With this particular customer, we were also impacted by a variety of issues relating to the health of the DNS and Active Directory environment. With that in mind, we decided to focus on fixing the other environmental issues and in the meantime, not overload the UCS box until a deeper analysis could be done.

Try Try Again

A day or so into the second setup at another customer, and I encountered the exact same issues. This time with a Windows 10 x64 image, and View 7.0.2. The same crazy latency numbers under any amount of significant load, until the entire box stopped responding.

The physical configuration differed slightly in that we were integrating the C-Series UCS into the customers fabric interconnects, so the firmware and driver versions were even more different than the first host which was a standalone configuration connected to the customer’s network. After digging into it again with a fresh brain, and more perspective, I found the cause.

I started looking through the RAID controller driver details again. In both cases, VMware uses the LSI_MR3 driver as the default driver for the Cisco 12G RAID (Avago) controller in ESXi 6.0 U2. In both environments I verified that we were running the suggested driver versions based on the Cisco UCS compatibility matrix, and we were.
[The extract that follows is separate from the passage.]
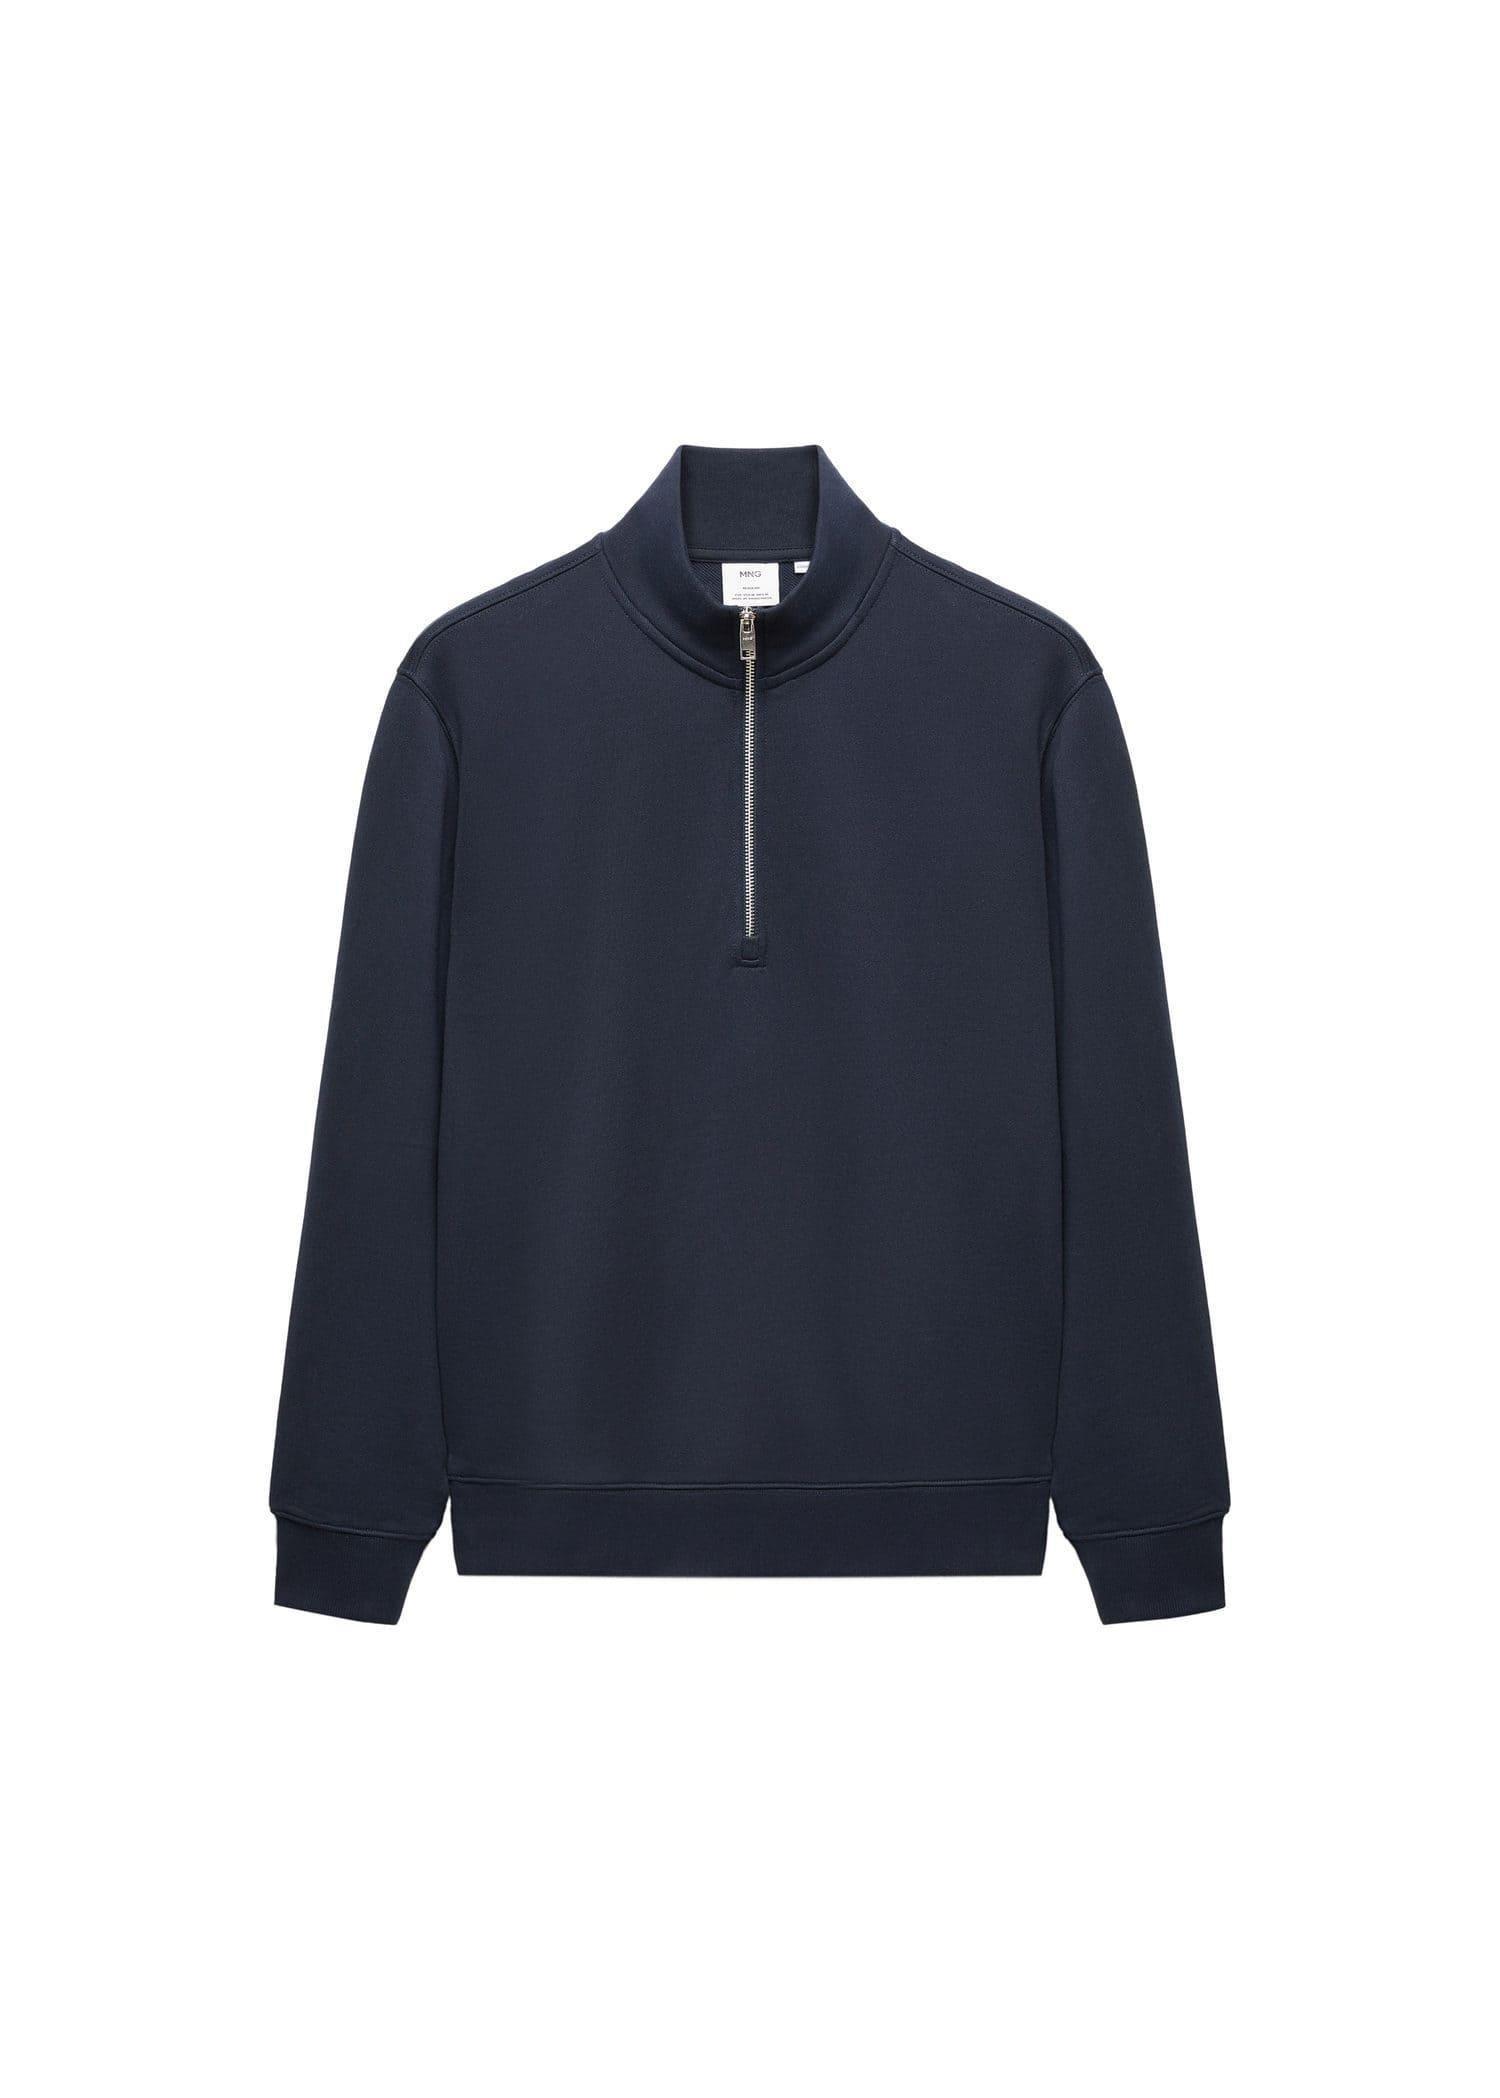 Mango - Navy Zipper Cotton Sweater

So I started digging at this controller and wondered what VMware suggests for VSAN (keeping in mind we aren’t running VSAN at either site) and sure enough, they DO NOT suggest using the LSI_MR3 driver, but instead list the “legacy” MEGARAID_SAS driver as their recommendation, for the exact same controller.

After applying the alternative driver, I’ve not been able to break the systems.

What is odd, is that this appears to be related specifically to Cisco’s version of the controllers.

This week I did a similar host setup (although not for View) using a bunch of local SSD/SAS drives in a Dell PowerEdge 730xd, with their 12G PERC H730 RAID cards (which from what I can see appear to be rebranded versions of the same controller) and VMware’s compatibility matrix has the LSI_MR3 drivers listed.

I left those drivers enabled, and the customer ran a series of agressive PostgreSQL benchmarks against the SSD sets, with impressive results, and no issues from the host.

So, long story short, if you’re using local RAID sets for anything other than some basic boot volumes that don’t need any serious I/O, with the Cisco 12G RAID controller, you don’t want to use the Cisco recommended drivers.

Installation instructions

  • Download the new driver (for ESXi 6.0 U2)
  • Extract the .vib file from the driver bundle and copy it to a datastore on the host
  • Enable SSH on the host and connect to it via your terminal application of choice
  • Apply the driver from the SSH session and disable the old one.
  • Reboot the host
  • Reconnect via SSH, and run core adapter list command to verify it’s active

This should verify that your RAID controller (typically either vmhba0 or vmhba1 is now using the megaraid_sas driver. If the “UID” is listed as “Unknown” in this readout, it’s normal.